I haven't been around long enough to make clear judgements on how many keepers, but there are some thought here I agree with. The main one being, it depends on where you set your level! If by 'keeper' you mean publishable and would be accepted by a stock library, I think the threshold isn't too high - I've been on workshops with known photographers who will take well over a dozen 'keepers' in this sense, each workshop. Often more like a couple of dozen (although this includes different angles/formats of the same subject to sell in different ways). However, if you mean shots that really stand out each year, the shots that would find their way into your Best Of volume at some late point, these photographers generally believe 6-8 a year is a fair estimate.

I see so much rubbish in magazines, on websites etc, that I try to also maintain a high standard, which means I'm regularly throwing out shots that other workshop regulars like, and it's agonising to sort through shots when they come back from the lab.

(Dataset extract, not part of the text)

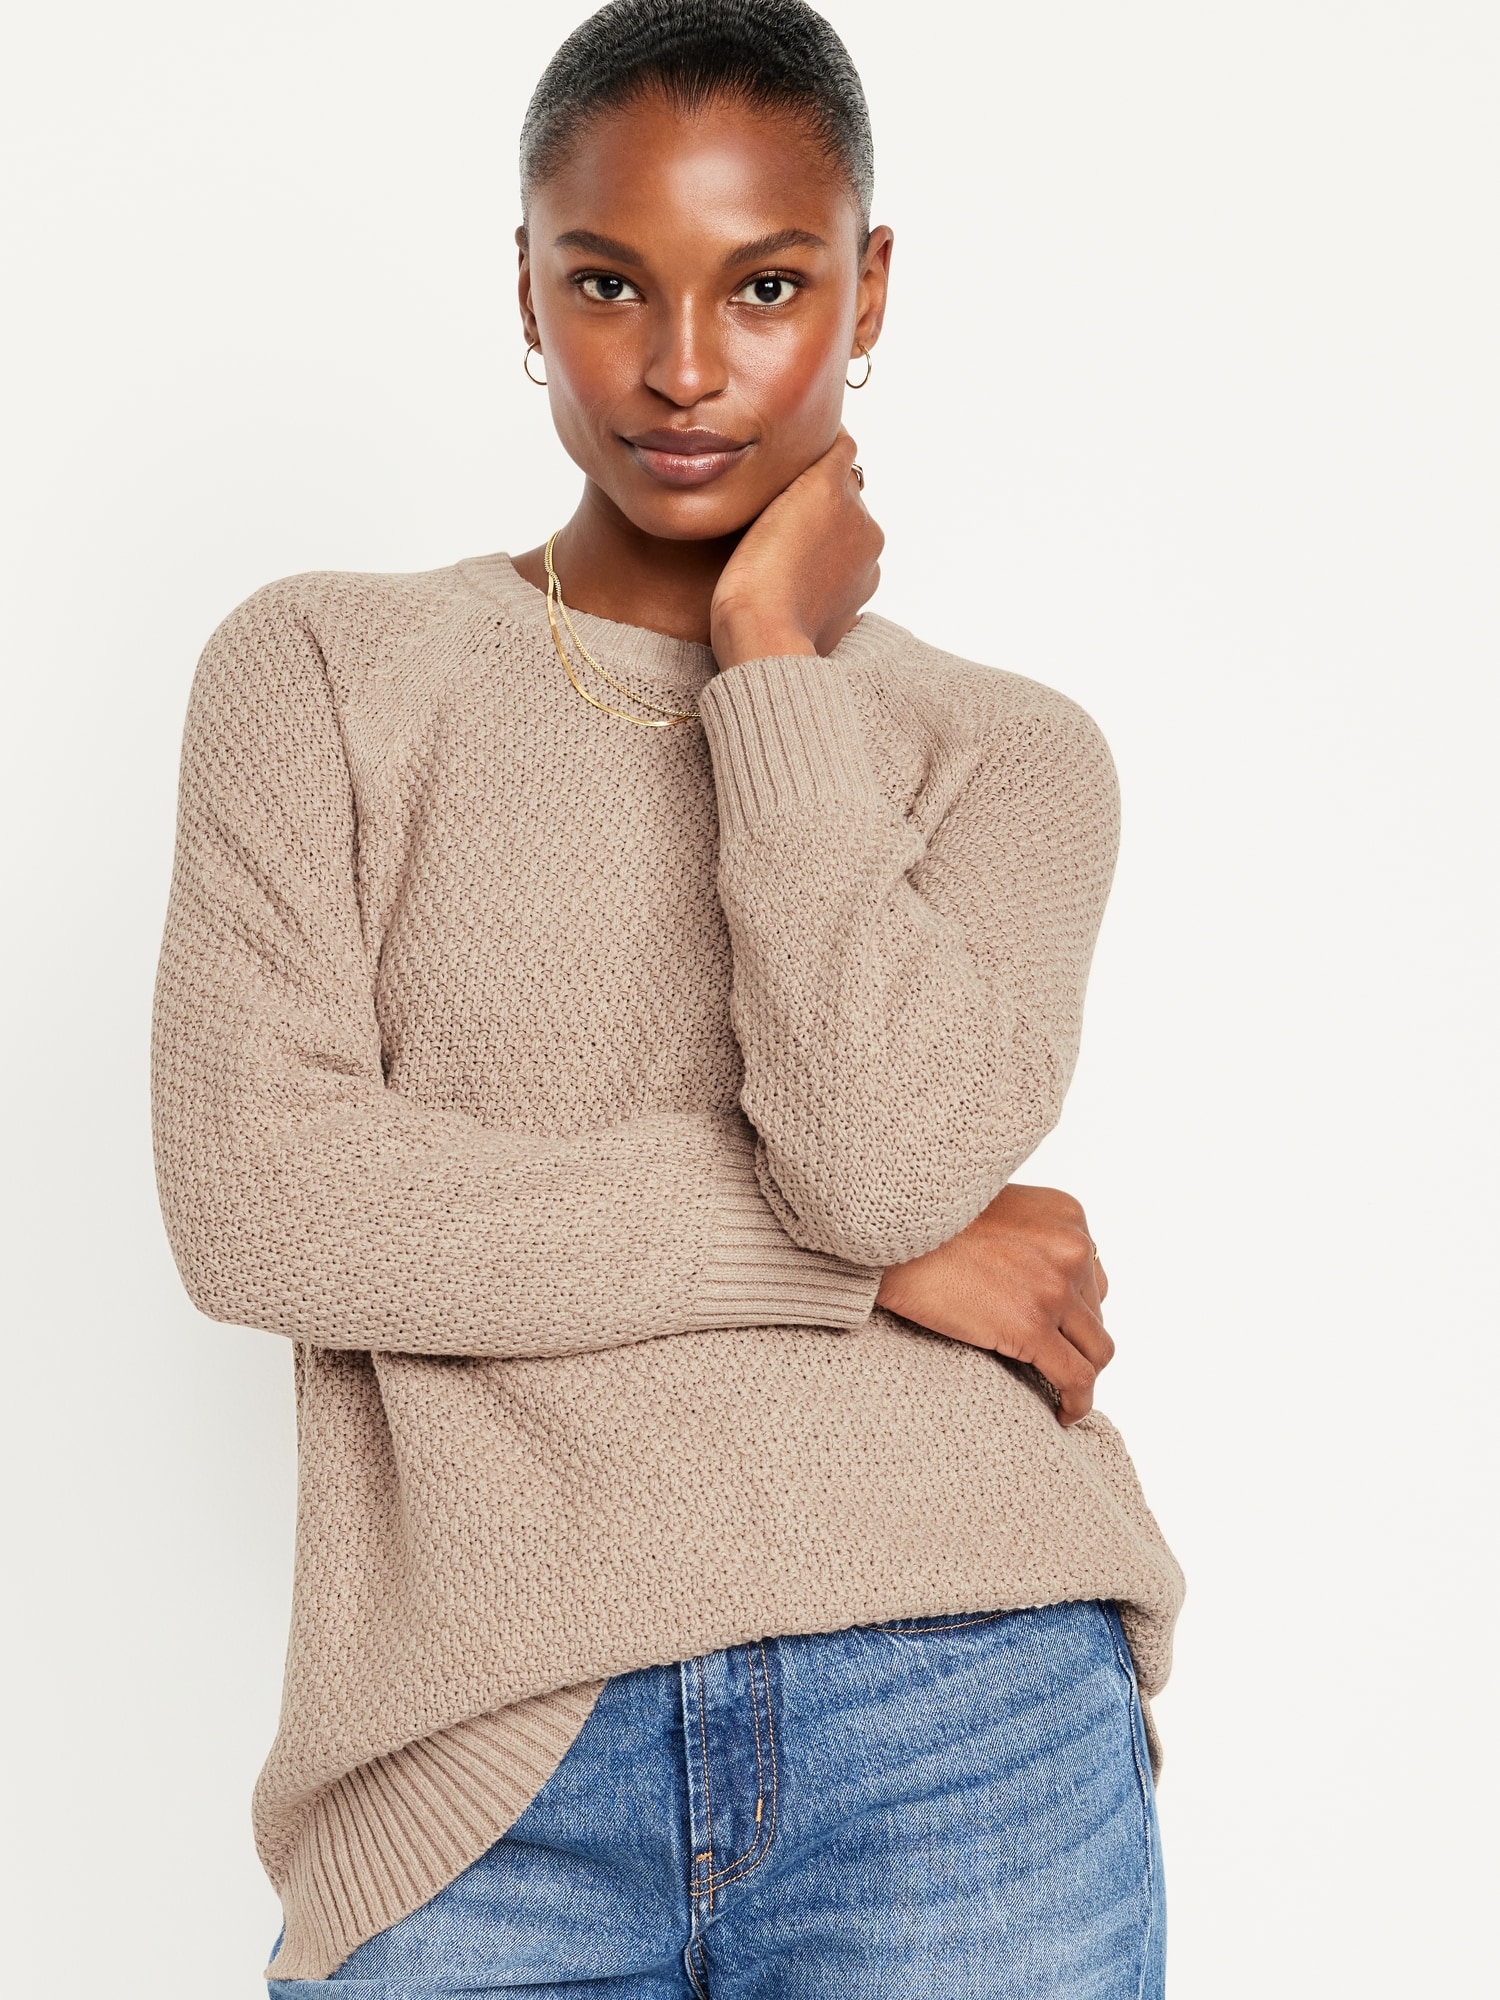 Loose Textured Pullover Tunic Sweater

This approach means you can be very hard on yourself, as well as on others - it's not unusual for me to flick through a David Muench book and think 'wouldn't have bothered printing that, or that' regularly - his volume of publishing seems to me to mean he needs a lower standard than some (although the 10 or thereabouts books by him on my shelves suggests I don't think he's that bad!); compare that with my impressions going through Burkett's book, or Dykinga's LF book, reading which I'm only occasionally saying 'I wouldn't have printed that'.

Still, I feel this harshness improves my output, as does reading more and more books.